Шшшик, шшшик. Шшшик, шшшик. Монотонное шарканье работающих дворников вплеталось в стук дождя, грохотавшего по крыше «субурбана», как град пуль. Когда машина свернула налево и покатила по проспекту Инсурхентес, Поте Гальвес, сидевший рядом с водителем-федералом, глянул по сторонам и положил обе руки на «козий рог» — АК-47, который держал на коленях. Кроме того, в кармане пиджака у него лежал передатчик, настроенный на ту же волну, что и радио «субурбана», и Тереса с заднего сиденья слышала голоса агентов и солдат, принимавших участие в этой вылазке. Объект Один, Объект Два, говорили они. Объектом Один была она сама. А с Объектом Два ей предстояло вот-вот встретиться.

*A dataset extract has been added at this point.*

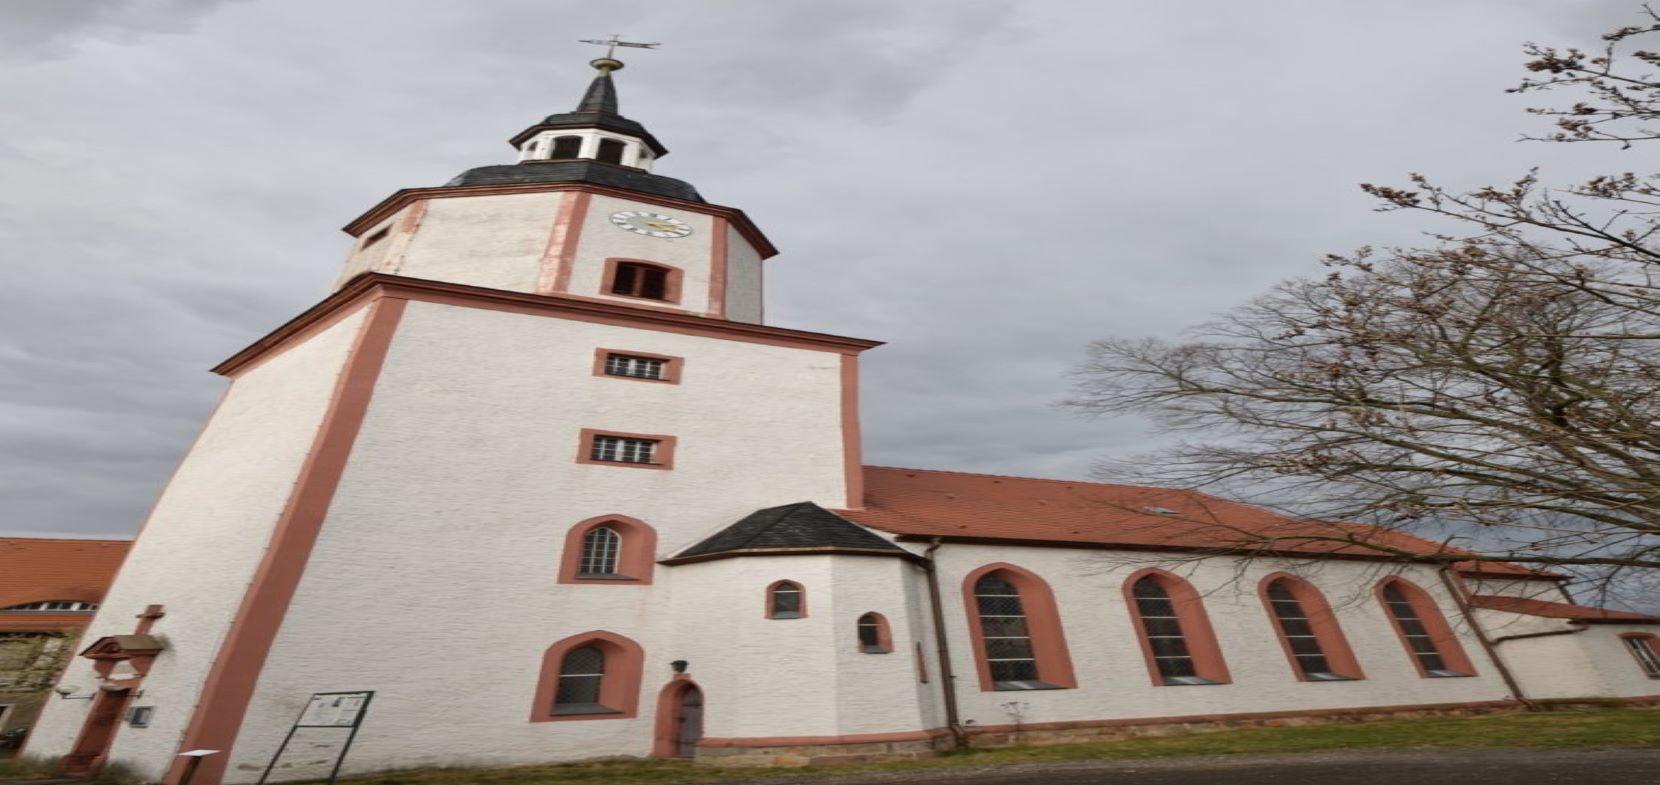 St. Laurentiuskirche Kahnsdorf

Шшшик, шшшик. Шшшик, шшшик. Вечер еще не наступил, но от серого неба на улицах было темновато, и в некоторых магазинах уже зажглись витрины и вывески. Дождь множил и дробил свет фар. «Субурбан» и его эскорт — две машины с федералами и три фургона с солдатами, сидящими за щитками пулеметов, — вздымали водяные крылья в буром потоке, который заполнял улицы и тек к Тамасуле, переполняя сточные трубы и канавы. По небу вдоль горизонта пролегла широкая черная полоса, на фоне которой вырисовывались самые высокие здания проспекта, а ниже — багровая, казалось, прогибающаяся под тяжестью черной.

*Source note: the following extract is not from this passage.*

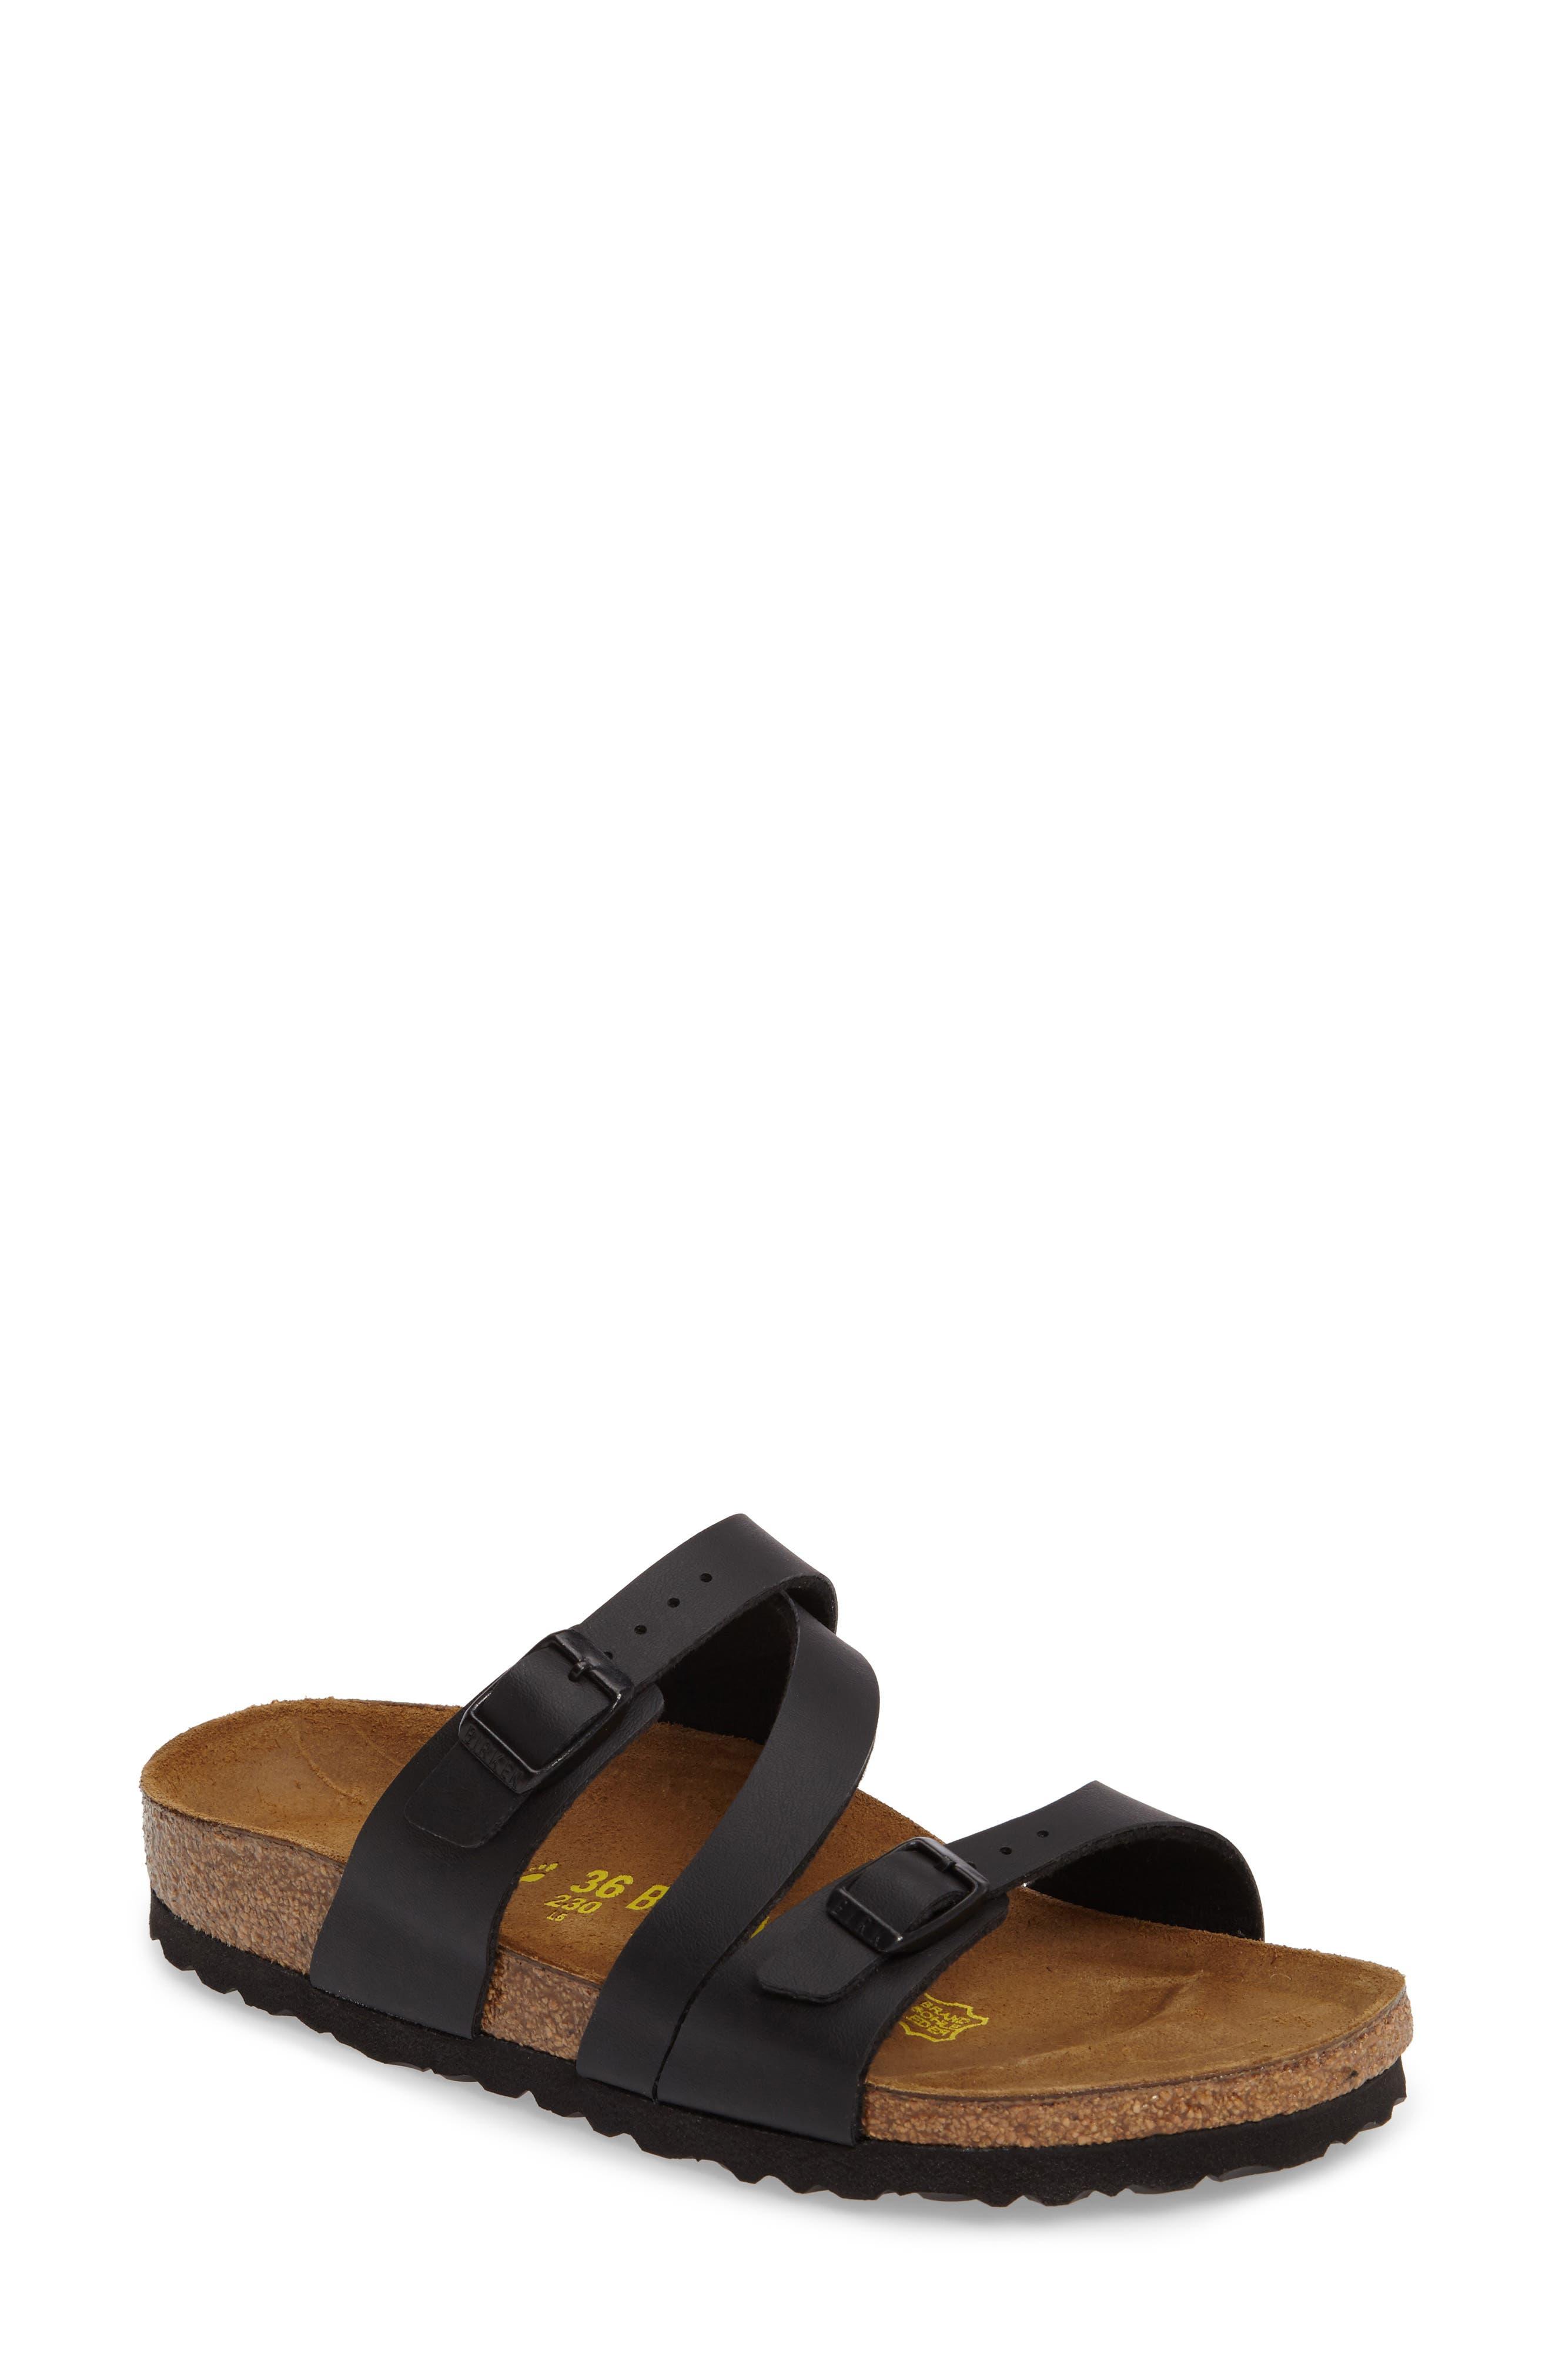 Main Image - Birkenstock Salina Slide Sandal (Women)

— Оцепление, хозяйка, — сказал Поте Гальвес.
Лязгнул передернутый затвор «козьего рога», и водитель искоса бросил беспокойный взгляд на киллера.

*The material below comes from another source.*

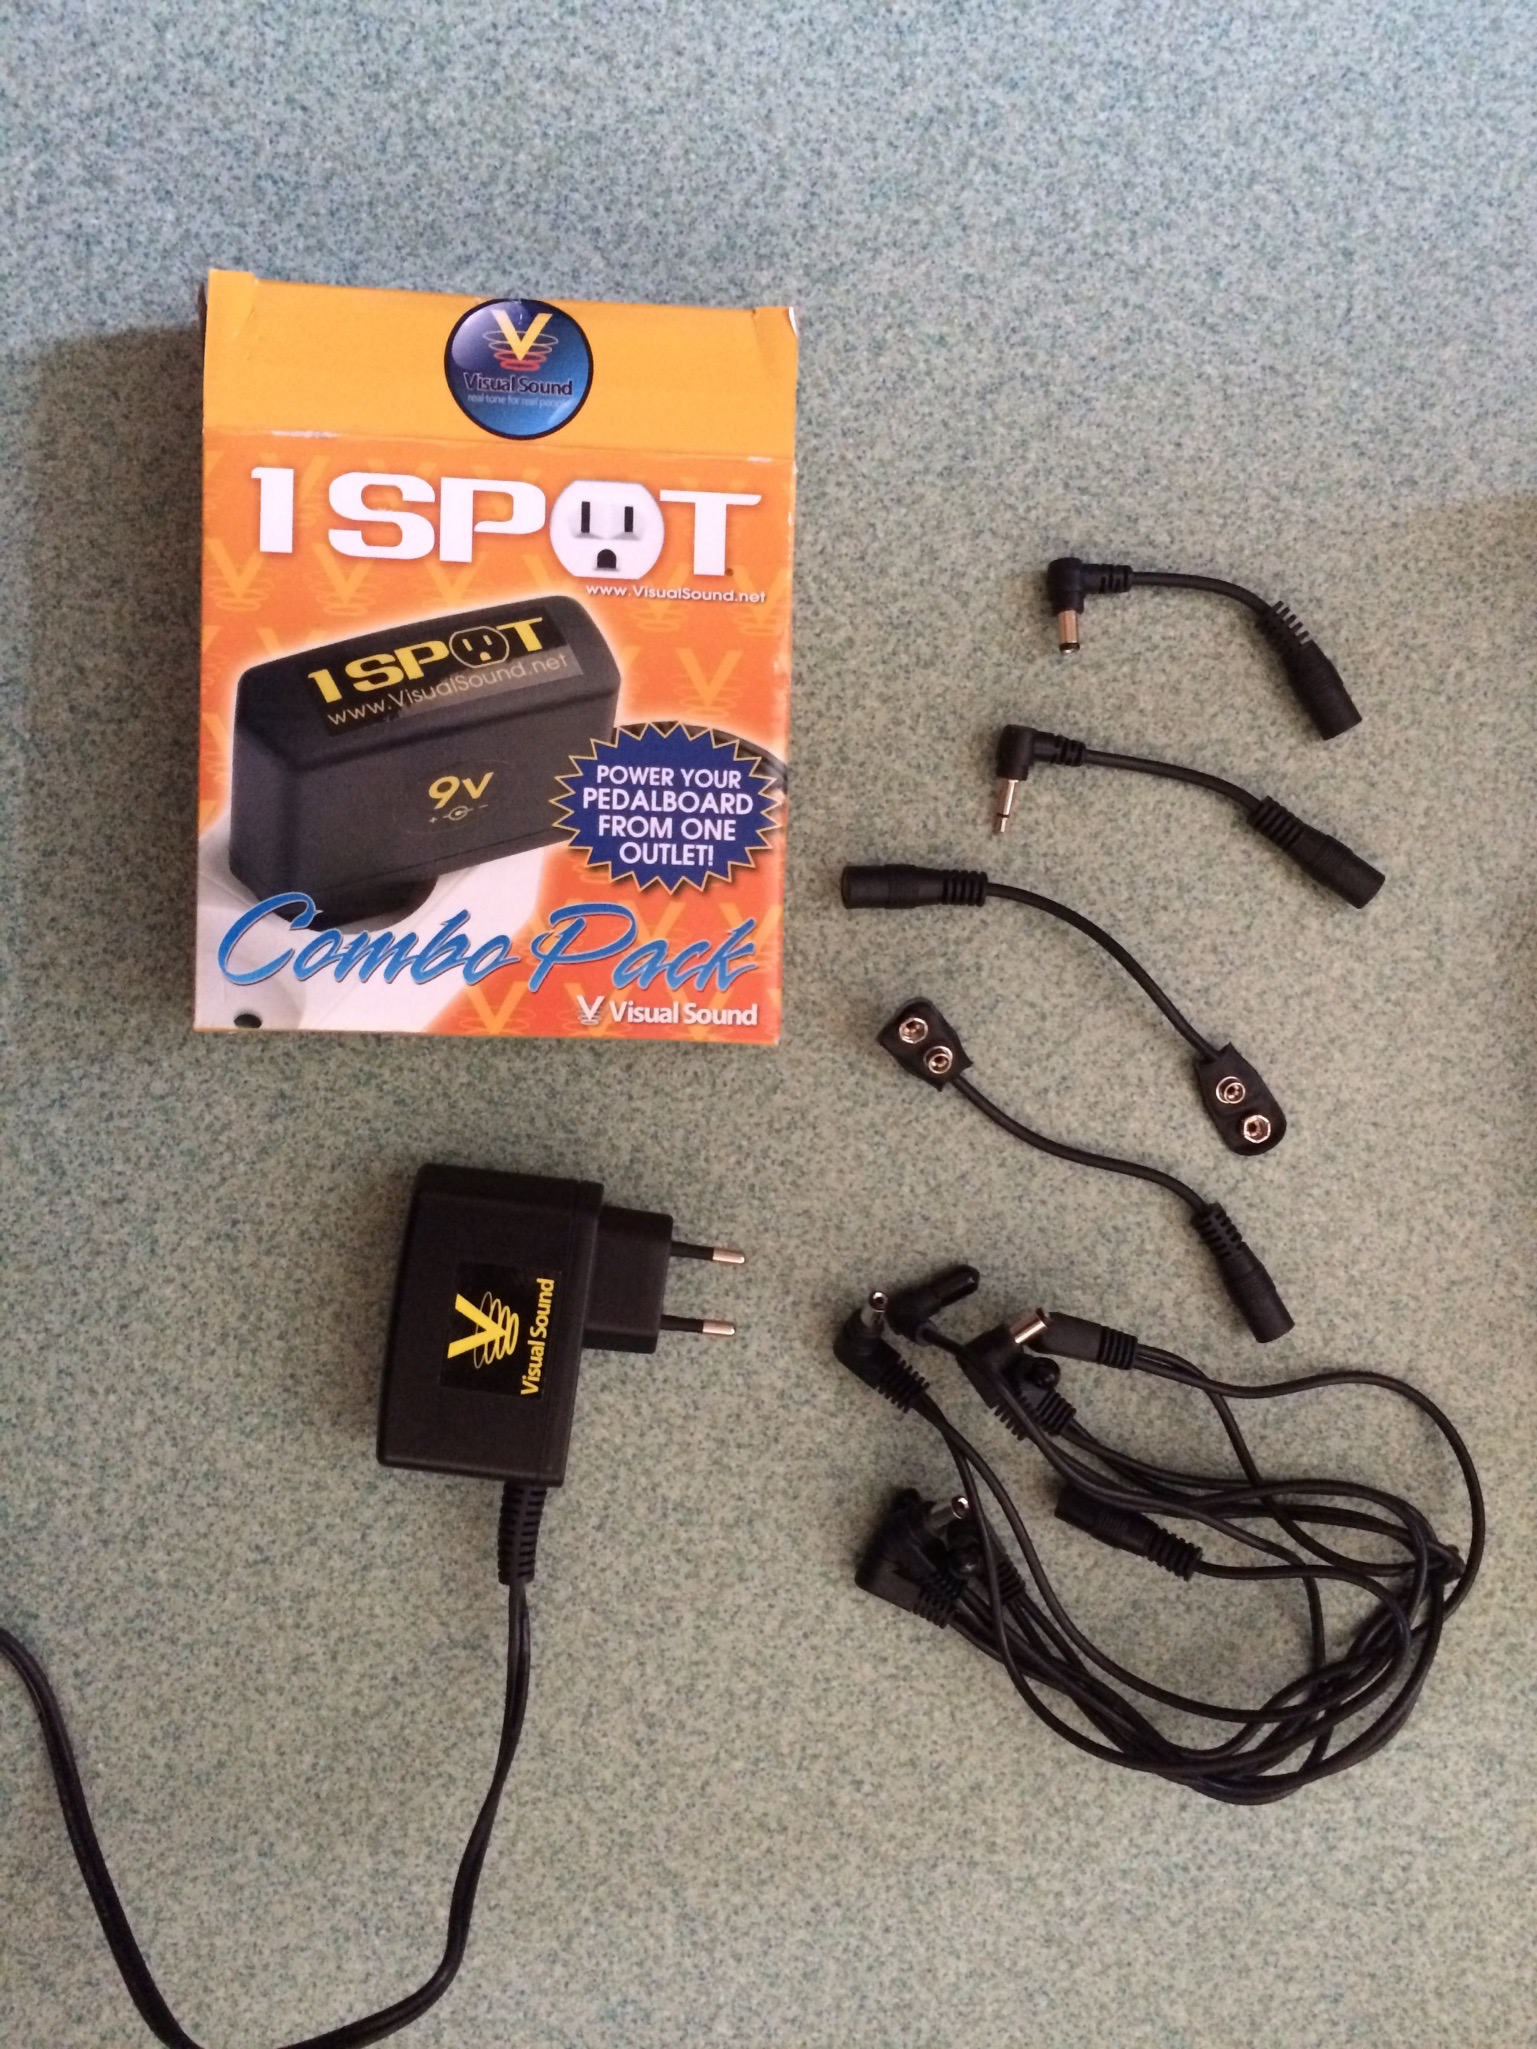 1 Spot Multi Plug 8 Cable

«Субурбан» не замедлил хода, но Тереса успела увидеть солдат в боевых касках, с Р-15 и М-16 в руках, которые, остановив и заставив припарковаться в стороне две полицейские машины, совершенно открыто держали на мушке сидевших в них людей в форме. Было очевидно, что полковник Ледесма знает свое дело и что, поломав голову, как обойти законы, запрещающие передвижение войск в пределах города, он все- таки нашел решение: в конце концов, осадное положение для военного — состояние почти естественное. Тереса заметила еще солдат и федералов, выстроенных под деревьями, разделяющими проспект вдоль; регулировщики заворачивали машины в боковые улицы. А там, между железнодорожными путями и большим квадратным административным зданием, стояла часовня Мальверде — маленькая, куда меньше той, которую помнила Тереса все эти двенадцать лет.
Воспоминания. Она вдруг поняла, что за все время этого долгого путешествия туда и обратно она убедилась лишь в трех вещах, касающихся жизни и людей: они убивают, помнят и умирают. Потому что наступает момент, подумала она, когда смотришь вперед, а видишь только то, что позади: трупы, которые один за другим оставались у тебя за спиной, пока ты шла. Где-то среди них и твой, только ты не знаешь об этом. Пока наконец не увидишь его. И тогда узнаешь.
Она искала себя в тенях маленькой часовни, в безмятежном покое скамейки, стоящей справа от изображения святого, в полумраке, красноватом от пламени свечей, которые горели, слабо потрескивая, среди цветов и даров, развешанных по стене. Дневной свет угасал очень быстро, и мелькающие сине- красные огни одной из машин федералов, освещавшие вход, казались все ярче по мере того, как сгущались грязно-серые сумерки. Остановившись перед святым Мальверде, глядя на его черные, словно крашенные в парикмахерской волосы, белую куртку, шейный платок, по-индейски узковатые глаза и пышные усы, Тереса пошевелила было губами, чтобы помолиться, как когда-то — мой путь и поможет мне вернуться, — но так и не смогла вспомнить никакой молитвы. Может, это кощунство, вдруг пришло ей в голову. Может, не следовало назначать встречу в этом месте. Наверное, время сделало меня тупой и заносчивой, и теперь наступил час расплаты.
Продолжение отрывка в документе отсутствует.